Toekomst middellange termijn
Als naar de middellange termijn van het bedrijf wordt gevraagd (2 tot 3 jaar verder), zijn boeren en telers in het tweede kwartaal van 2021 ook wat minder enthousiast geworden. De index daalde met ruim 3 punten. Net als voor de korte termijn denken de varkenshouders ook hier dat zij op de wat langere termijn te maken krijgen met zwaardere bedrijfsomstandigheden. De index daalde met 26 punten en hierdoor is de index onder het nulpunt gedaald.
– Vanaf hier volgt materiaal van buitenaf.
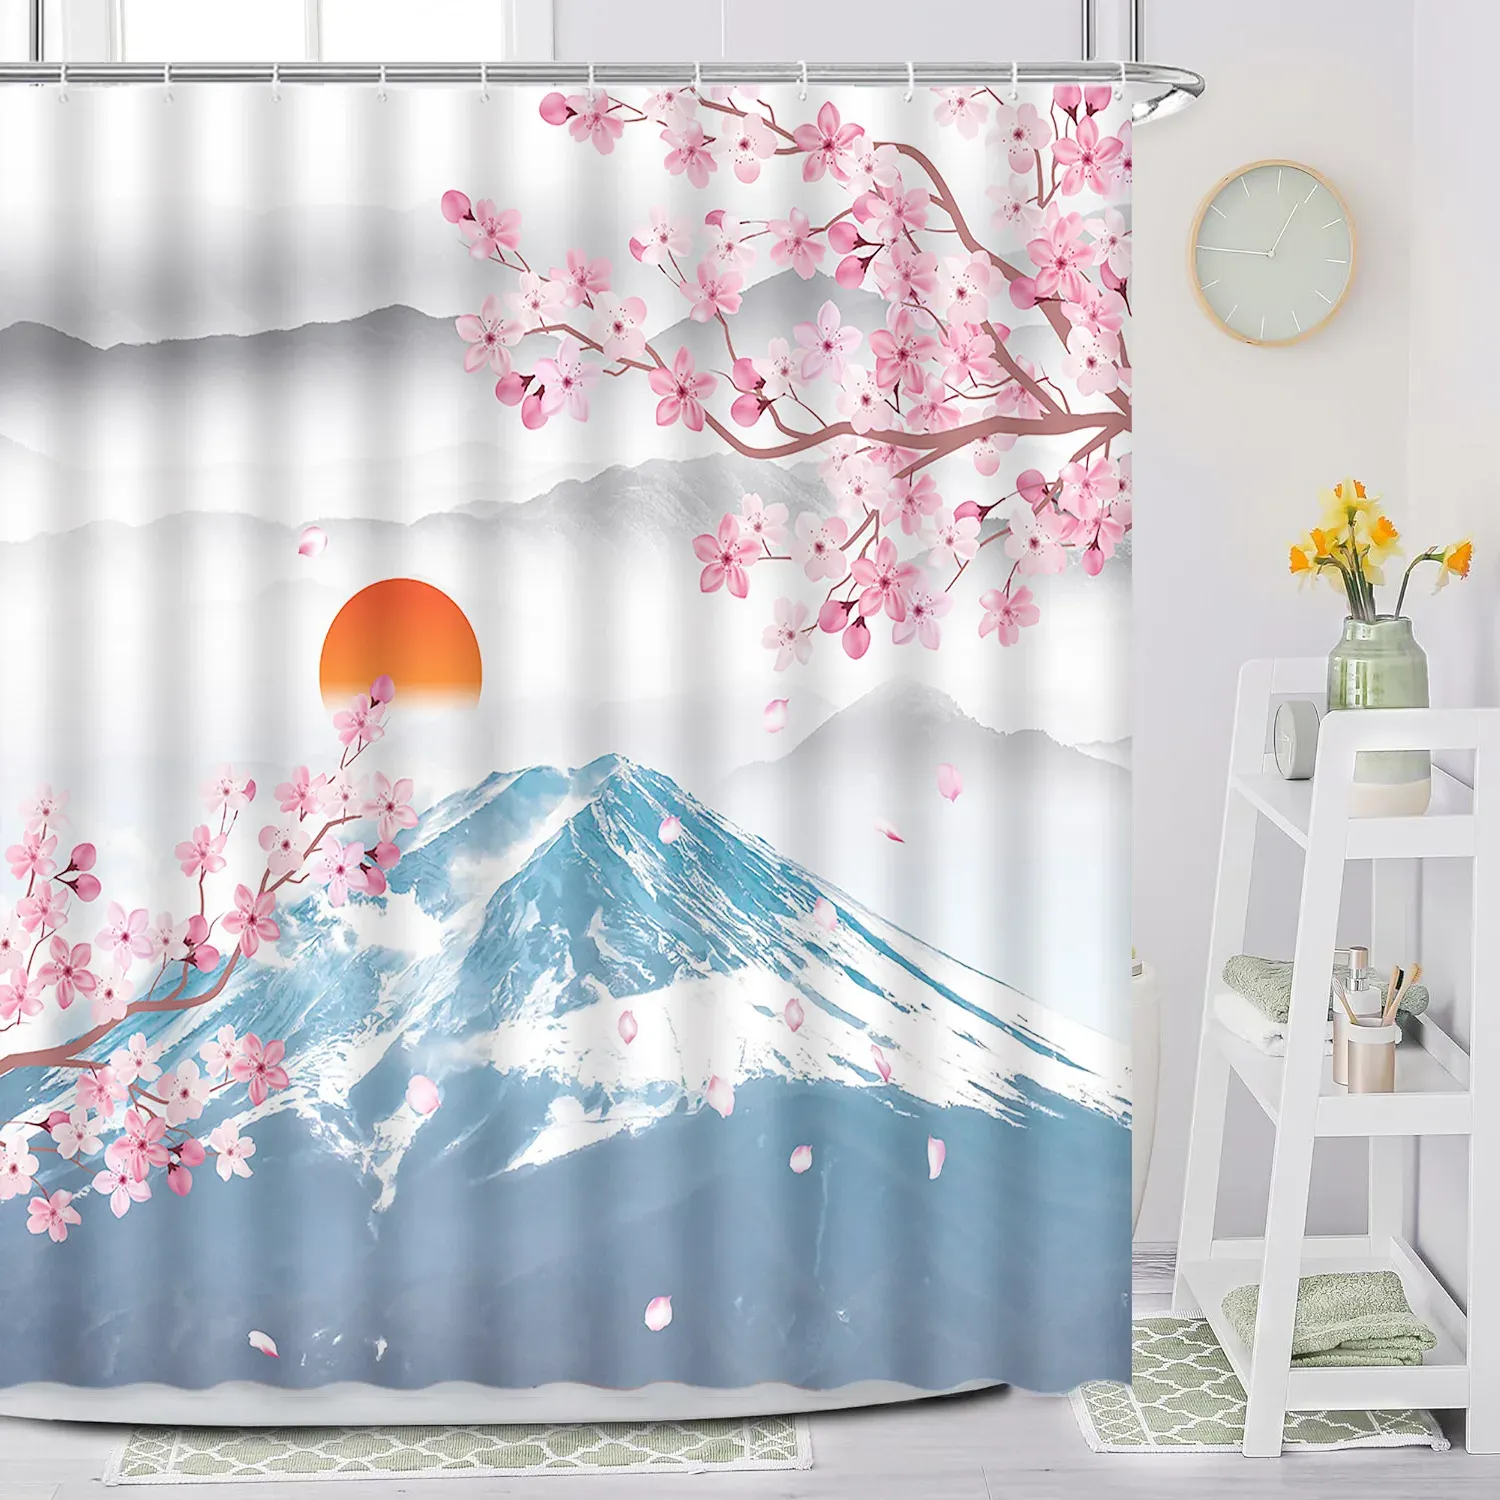 Tervato per la doccia giapponese.Pittura a inchiostro tradizionale plum fiore blossom alpino uccello monte fuji solare rosso solare di ciliegia koi decorazioni da bagno koi
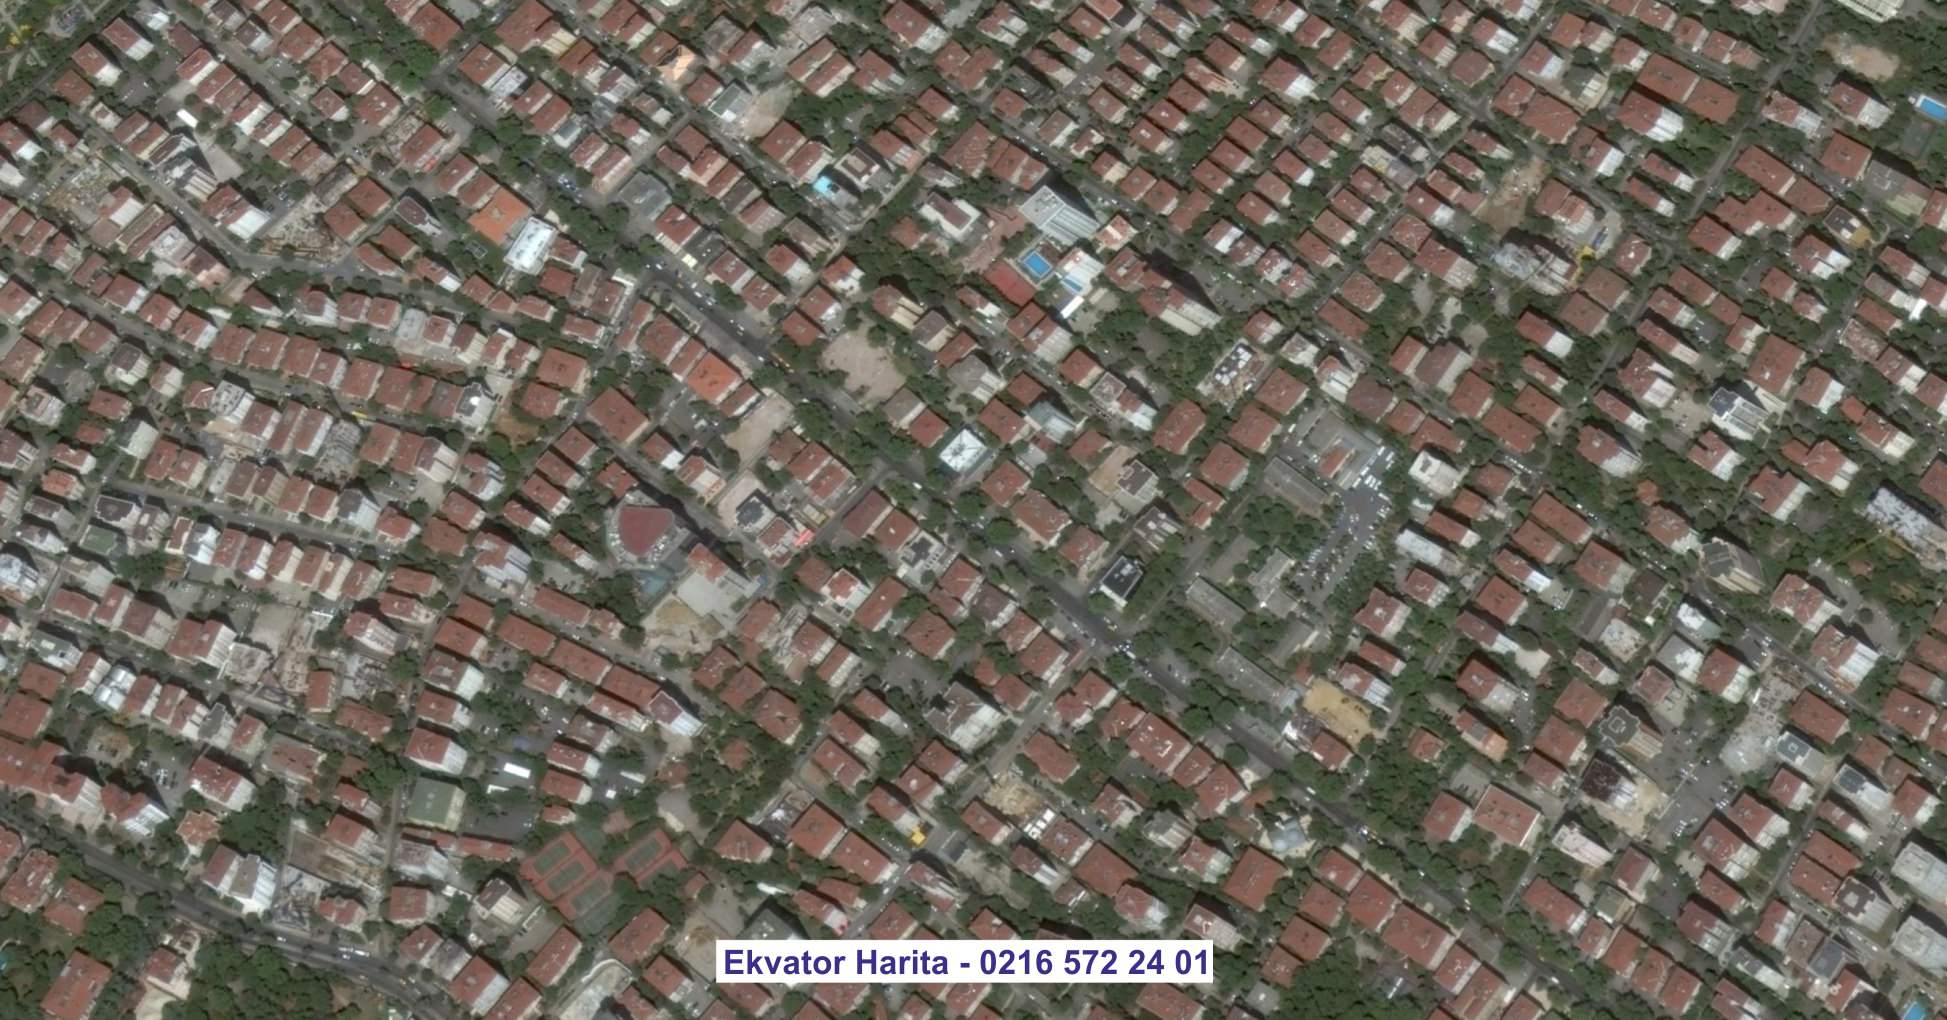 Çanakkale Uydu Görüntüsü Örnek Fotoğrafı

Meer ondernemers zijn dus pessimistisch. Ook in alle andere getoonde sectoren daalde de index in deze meting. De kleinste daling van de index (-1 punt) was voor rekening van de pluimveehouderijsector. Pluimveehouders zijn momenteel ook het positiefst voor de middellange termijn met een index van 9 punten. Andere sector-indexen liggen dichter bij het nulpunt. De melkveehouders zijn met een daling van bijna 9 punten hier precies op uitgekomen in het tweede kwartaal. Dat betekent dat optimisten en pessimisten hier elkaar in evenwicht houden.